Since I was in my fifth month of pregnancy, you could really notice. I was heading back towards the Box Office when I heard my name being called in a thick french accent, and I even before i turned around who it was.
“Brooklynn, you are glowing” Kris began “You look beautiful, Congratulations to you and Jonathan”
“Thank you Kris” I said to him while giving him a hug “How are you”
“I am good, thanks” He began “Just taking things one day at a time, How are you”
“Really good” I began “Things are really good, I am so excited to become a mother”
“I am so glad to hear” He said.
“How is everything” I asked.
“I have my good and bad days, just like everyone else” He began “But I know Luc would want me to be happy, and not be sad all the time, So when I play, I play for the both of us”
“He would be so proud” I said.
“As he would be of you too” Kris said.
“I wish he could have met this little one” I began, placing Kris’s hand on my stomach so he could feel the baby kicking “But I know they will have someone amazing looking out for them, and when they asked who they are named after, we have great stories to tell”
“That is amazing” He said “You are naming baby after Luc, even if it’s a girl?”
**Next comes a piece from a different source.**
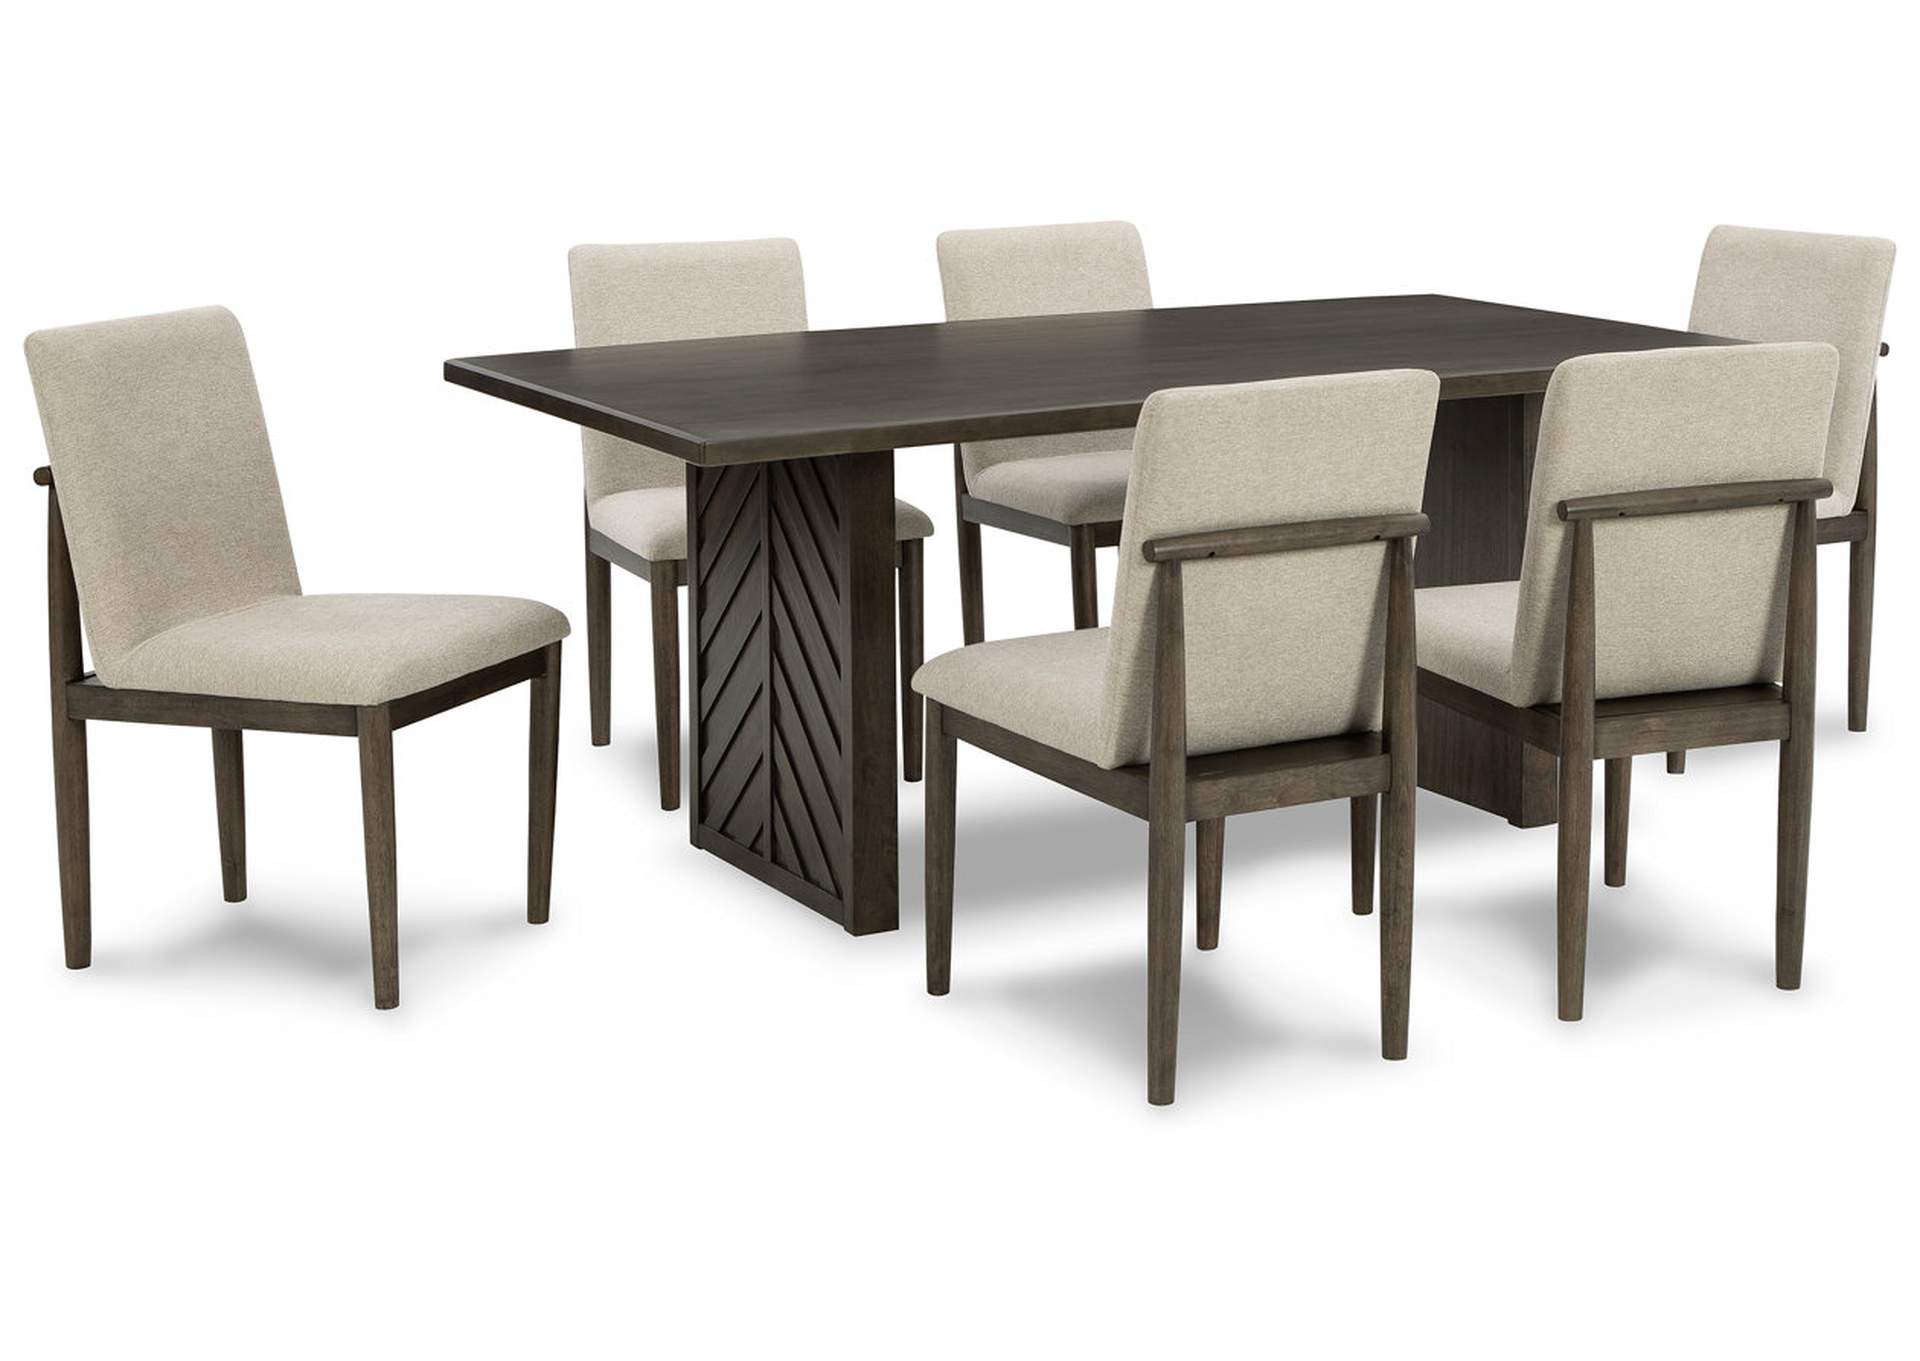 Arkenton Dining Table and 6 Chairs,Ashley

“Yes, he will be apart of this baby somehow” I replied.
“He would loved that” Kris said smiling.

“Brooke, you’re pregnant?” I looked up to see Sidney standing there. Kris hugged me goodbye.
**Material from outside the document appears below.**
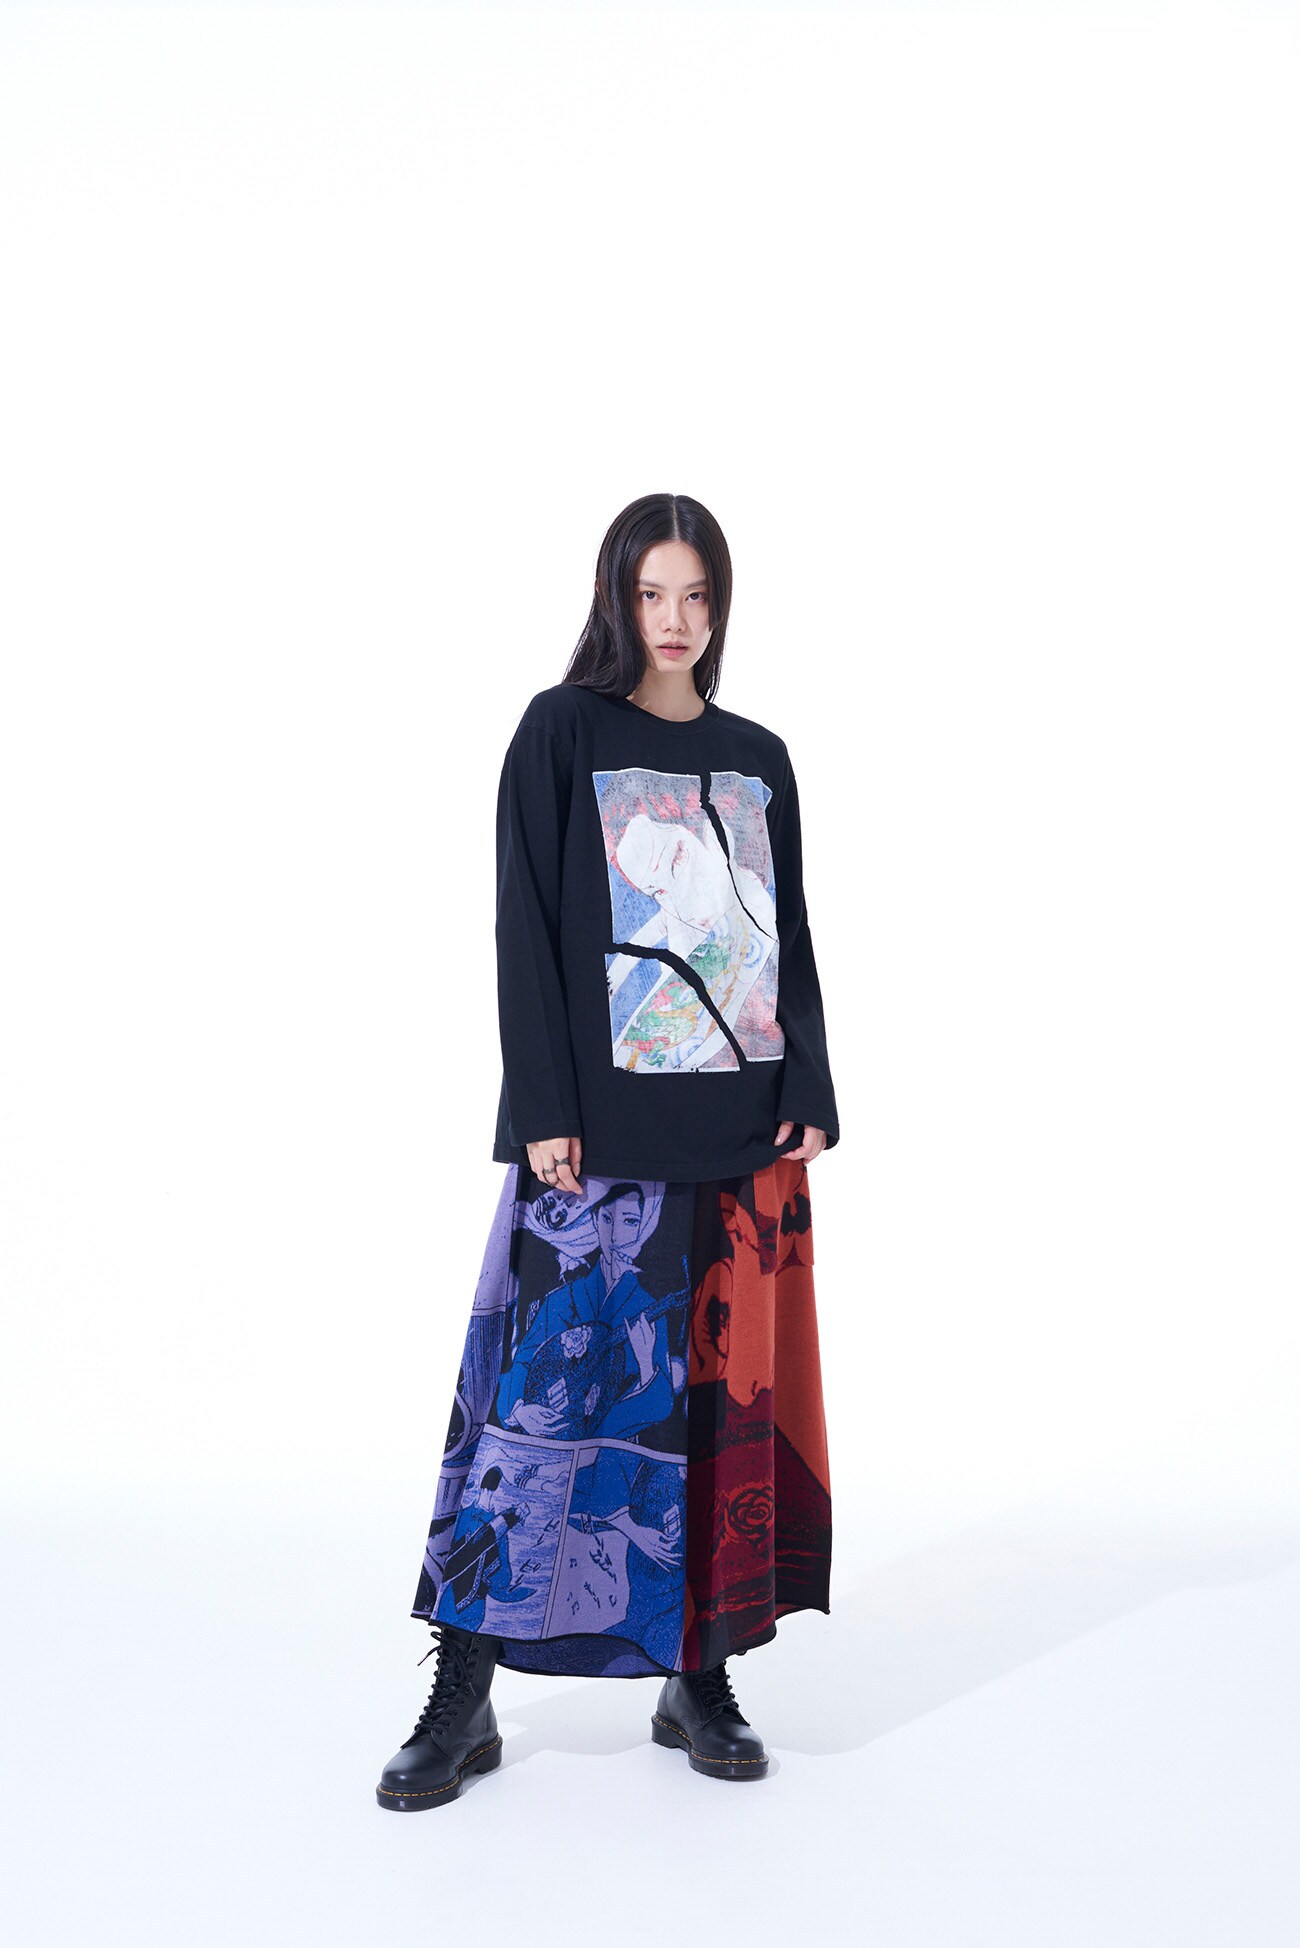 S'YTE x KAZUO KAMIMURA-MAGAZINE COVER ART-COTTON JERSEY LONG SLEEVE T-SHIRT WITH DISTRESSED PHOTOCOPIER PRINT

“I will leave you two alone, Take care Brooklynn” Kris said as he walked away.
“Yes I am, five months along” I told Sidney, I could see the hurt in his eyes, but I was happy now and nothing would change that.
“Wow, Congratulations, you look great” He replied.
“Thank you Sidney” I began “I better get going, see you” I turned to walk away, but he stopped me.
“Please, let’s talk” He asked “It’s been a long time, I had a lot of time to think over the summer”
“What else is there to talk about” I asked “We moved on, I’m starting a family with Jonathan”
“I know I messed up, but I though you should know the truth” Sidney began “I lied to you at the Memorial Cup, I wanted the same things, but I was the idiot and put Hockey first, When I played my first game here, I went looking for you, but you were no where to be found, and I knew I had lost you”
“Stop, I don’t want to hear this” I start with tears forming in my eyes “You pretty much broke me after that night, I didn’t know what to do until I came here, but still it took another year and half before I felt okay, and now when I am so happy, and having a child with another man who was there when you weren’t, you tell me this”
“I’m sorry Brooke” Sidney replied “I know I hurt you, but I though you would want the truth, we don’t know what tomorrow will bring”
“I waited for a long time to hear that, but now it doesn’t mean anything” I began “You are my past, and I am grateful for our time together but my future is Jon and our child, and I’m sorry, but I am happier now that I moved on”
“Don’t be sorry for being happy” Sidney said “I know I was the one who messed up, and it sucks, I miss you”
“I miss you too, we have so many memories together” I said.
“Take care Brooklynn” Sidney said giving me a hug. I held on a little longer than usually.
“You too Sidney” I replied. I walked away, and I felt like a huge weight was off my shoulders.